自从上次撞车事件后,我乘坐公交车时总是会有些紧张不安,但玫瑰的香气让我沉浸在一种平静而——我敢说是——清净的感觉里。我的思维很放松,大脑放空,接着脑海中开始浮现出一张图片。首先,我看见了瓜达卢佩圣母,而我认出她的原因是她周围有像光环一样的玫瑰,并且她的形象在明天农场已经深入人心。接着,我发现她不是一个真正的人,而是一幅墙上的油画,下面写着字:不要害怕任何疾病、烦恼、焦虑或者痛苦。我难道不是你的母亲吗?你难道不在我身影的庇护之下吗?我不就是生命之源吗?你还有什么需要的吗?这堵墙是一家小商店的后墙,巴兰钦巧克力被堆放在墙边深红色的木架子上。巧克力就这么光明正大地放在店里,放在橱窗前。商店里的海报写着:

巴兰钦药用可可吧

一款呵护您健康的巧克力 仅对持执业医生处方者销售

我从位子上坐起来。

我不是我妹妹,从来没有人建议送我去天才夏令营,他们也不用这么做,因为我没有想出过绝妙的点子。如果说我有什么天赋,可能也是生存方面的天赋,再无其他。但这个点子似乎可行。或许可可永远不会合法,但是如果有合法的解决方法呢?这是爸爸、尤里伯父和现在的胖子从来没有考虑到的事情。

公交车离温的住址大概有一个街区。我不想等了,我想知道他会怎么想。我摁了停车铃,示意公交车停下来,接着就下了车。

我按了按温公寓的门铃,查尔斯·德拉克罗瓦开了门。

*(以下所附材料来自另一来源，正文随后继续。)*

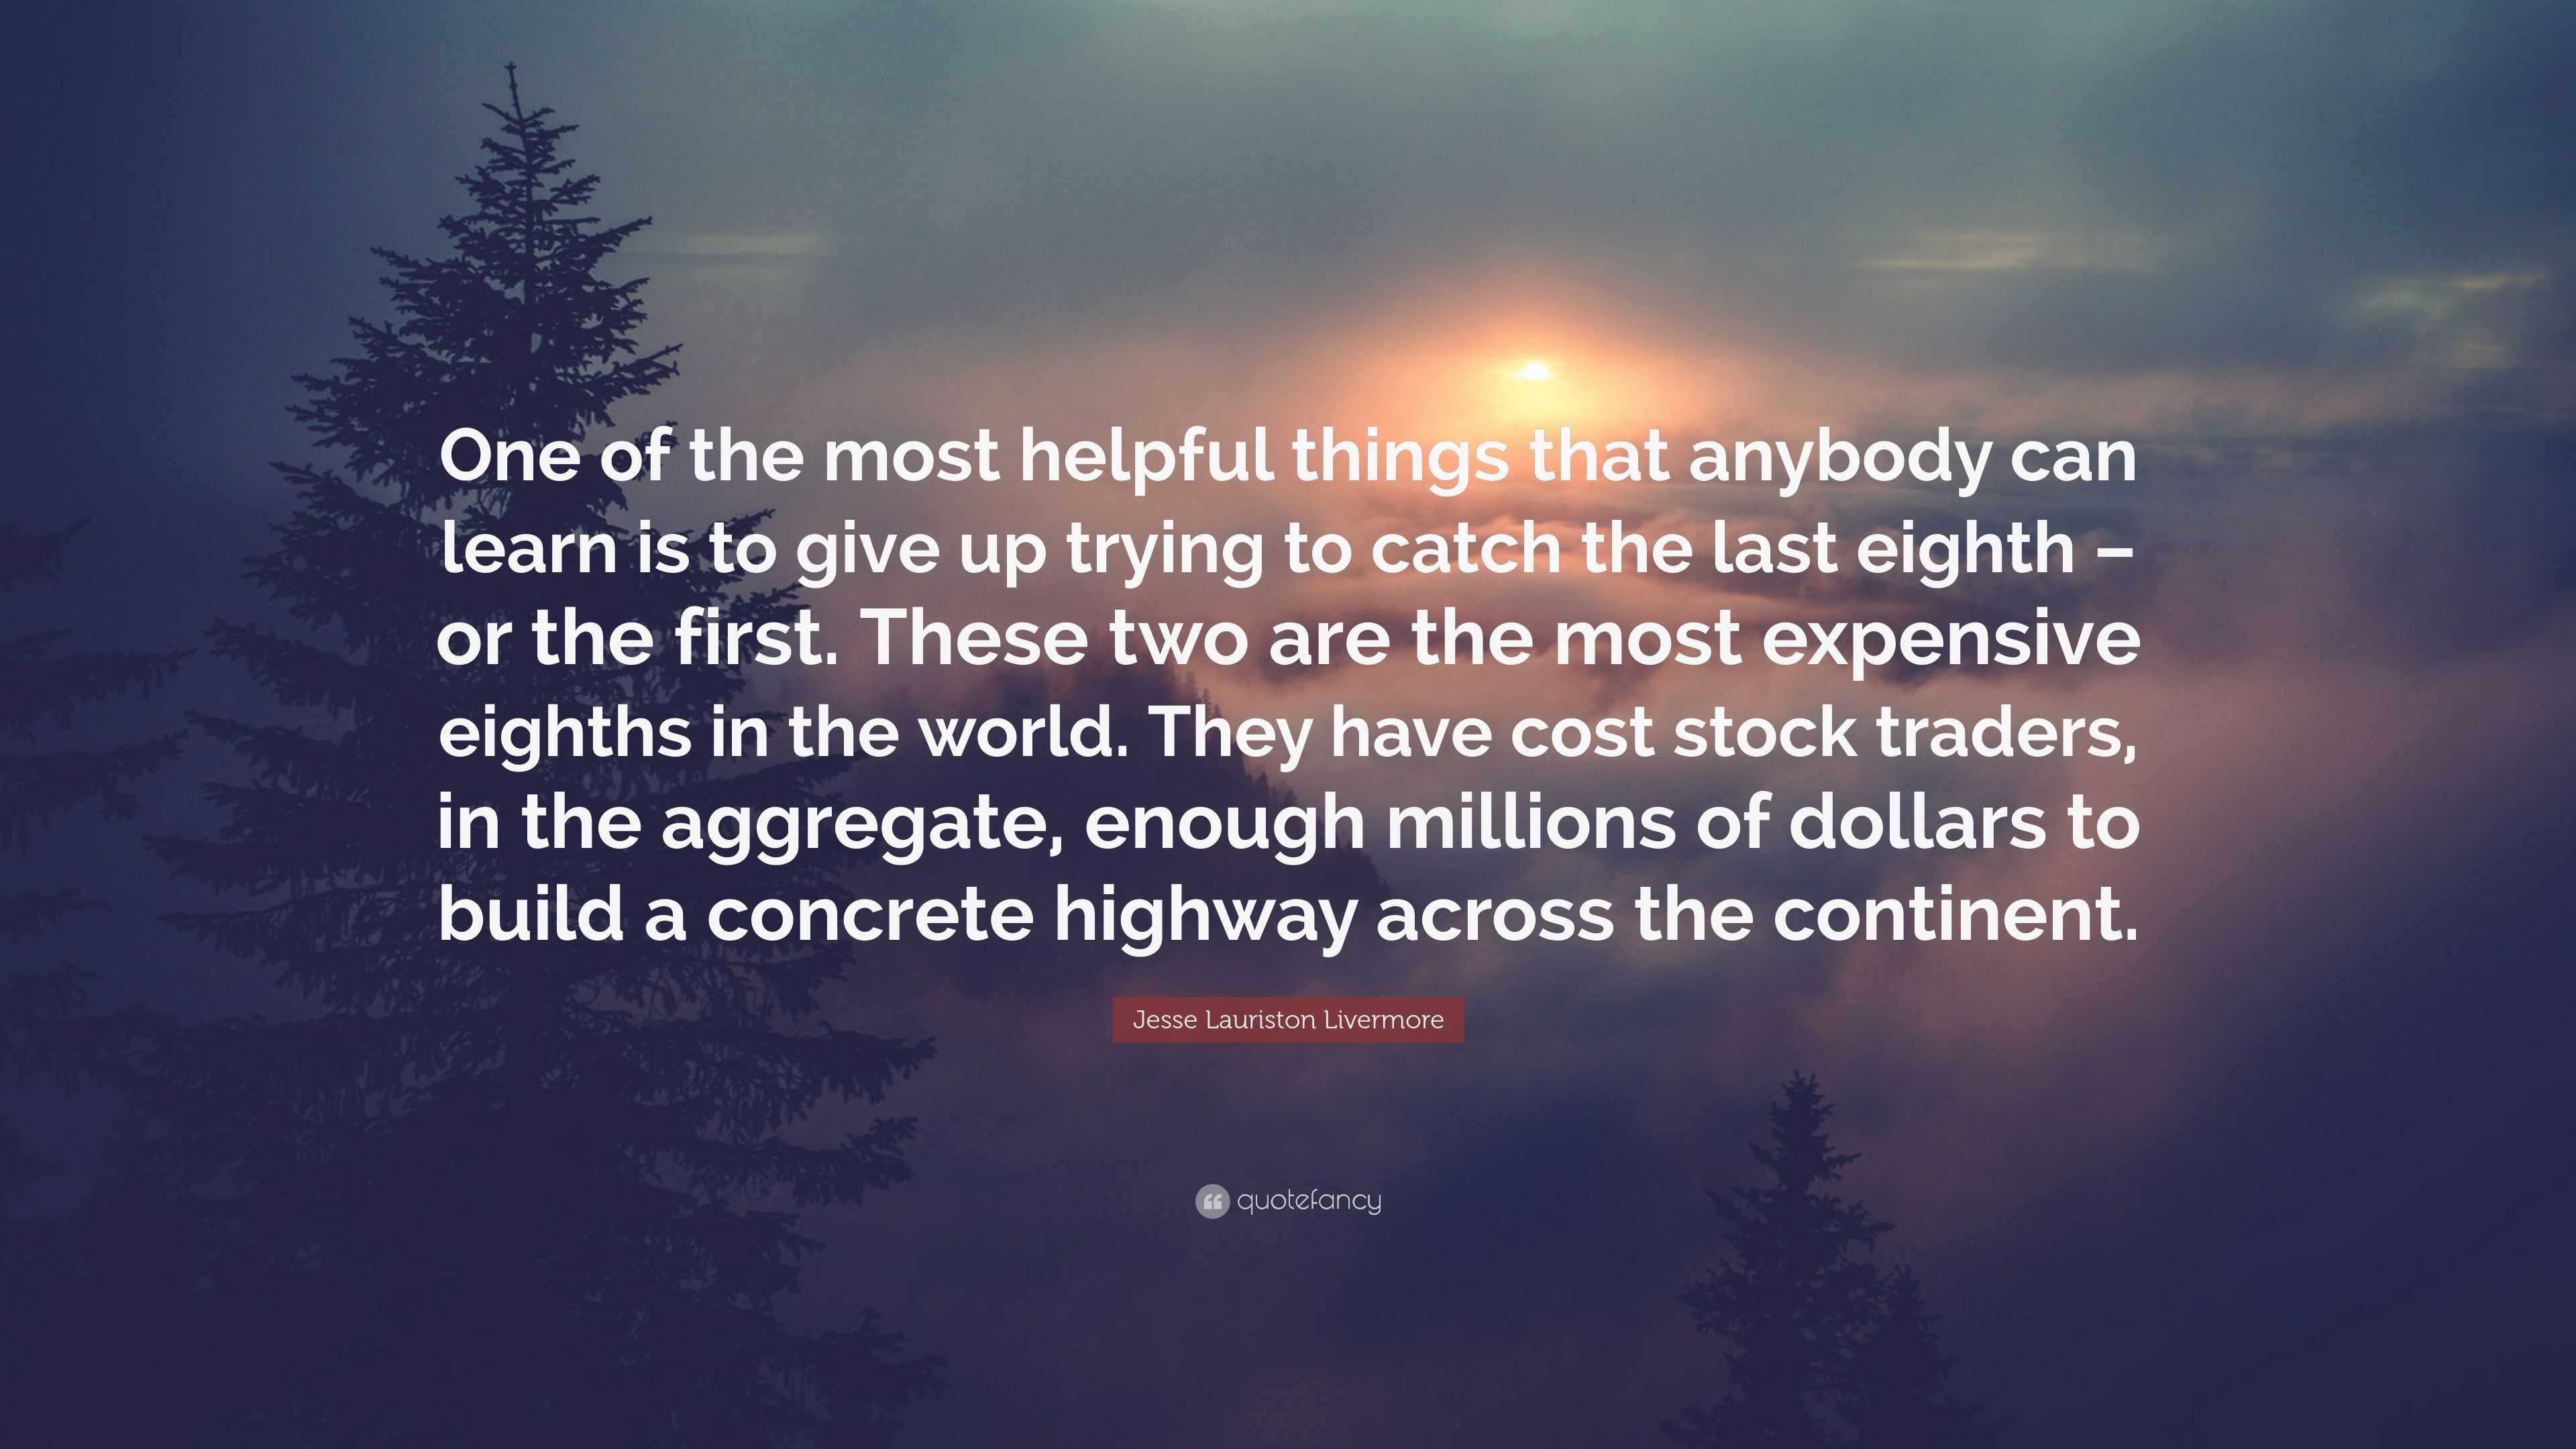 Jesse Lauriston Livermore Quote: “One of the most helpful things that ...

温和德拉克罗瓦夫人还在外面,如果我愿意等的话,他预计他们随时会回来。德拉克罗瓦今天没有剃胡子,但至少衣衫整齐。

查尔斯·德拉克罗瓦领我进客厅,我还在想着我的憧憬。

“你最近怎么样?”查尔斯·德拉克罗瓦问我。

“德拉克罗瓦先生,你是一名律师。”

“你今天给人的感觉很直截了当,安雅。是的,我是一名律师,目前失业中。”

“你曾经听说过有谁卖过药用可可吗?”我问道。

查尔斯·德拉克罗瓦笑了:“安雅·巴兰钦,你遇到什么麻烦了吗?”

“没有。”我坚持说道,我能感觉到自己脸红了,“我只想知道一个人是否可以合法地在本市销售药用可可。我听说在有处方的情况下可以出售。”

查尔斯·德拉克罗瓦仔细看了我一会儿:“是的,我想理论上是可以的。”

“如果这是真的,就是说只要有处方,店主就可以向顾客销售巧克力健康棒或者热巧克力维生素奶昔?”

德拉克罗瓦先生点点头:“是的,但我必须更加仔细地研究这个问题。”

“如果你仍然担任地区检察官,你会逮捕在曼哈顿商店里售卖药用巧克力的人吗?”

“我……这样的人或许会引起我的兴趣,但是如果他们有一位好的律师来确保一切顺利,并且所有的处方都是合法的,我们可能不会去打扰他们。安雅,你现在看起来眼睛亮得惊人。别告诉我你认识这样一位我们想象出来的店主。”

“德拉克罗瓦先生……”

温和他的母亲回到了家里。“你们俩很合得来嘛。”德拉克罗瓦夫人说道。

温亲了亲我:“我们说好在这儿见面吗?我以为你还在参加GED考试。”

“我之前在逛市场,想着你在家的话我就过来看看你。”我还拿着我的玫瑰花和装有红辣椒和可可豆的袋子。我告诉他,我在墨西哥的朋友寄给我一份食谱,我准备照着试试。温的母亲想知道食谱的内容。虽然向温的父亲询问假设的法律问题是一回事,但是在他面前承认消费过可可就是另一回事了。“一种来自恰帕斯州的古老的家庭健康饮品。”我说道。

查尔斯·德拉克罗瓦扬起了眉毛。我没在骗他。

“天快黑了,”温说道,“我陪你走回家吧。”

“再见,安雅。”查尔斯·德拉克罗瓦说。

我们一出门,温就用一只手拿过我的包,一只手挽着我。

“你和我父亲在说什么?”温问道。

在去温家里之前,我一心想告诉他我的想法,但是现在他就站在我的旁边,我却说不出口。如果他认为这是个愚蠢的行为怎么办?我不想看见他皱眉或者噘嘴的样子。我只是在刚刚一小时里才想到这个点子,但在这短暂的时间里我已经对这个概念着迷了。它对我来说非常重要,它是能改变我命运的想法。我,在很长一段时间里第一次,感到充满了希望。

“安妮?”

“没什么事,”我强调道,“我在等你。”

他停下脚步,看着我:“你在骗我。你擅长这样,但你忘了——我知道你说谎时的样子。”

我说谎时是什么样子?找个时间,我得问问他。“我没有骗你,温。这只是我的一个想法,但是我还没有准备好讲出来。”我说道,“在等你的时候,我想我可以就这个想法的几个部分咨询你爸爸,因为里面有一些法律问题。”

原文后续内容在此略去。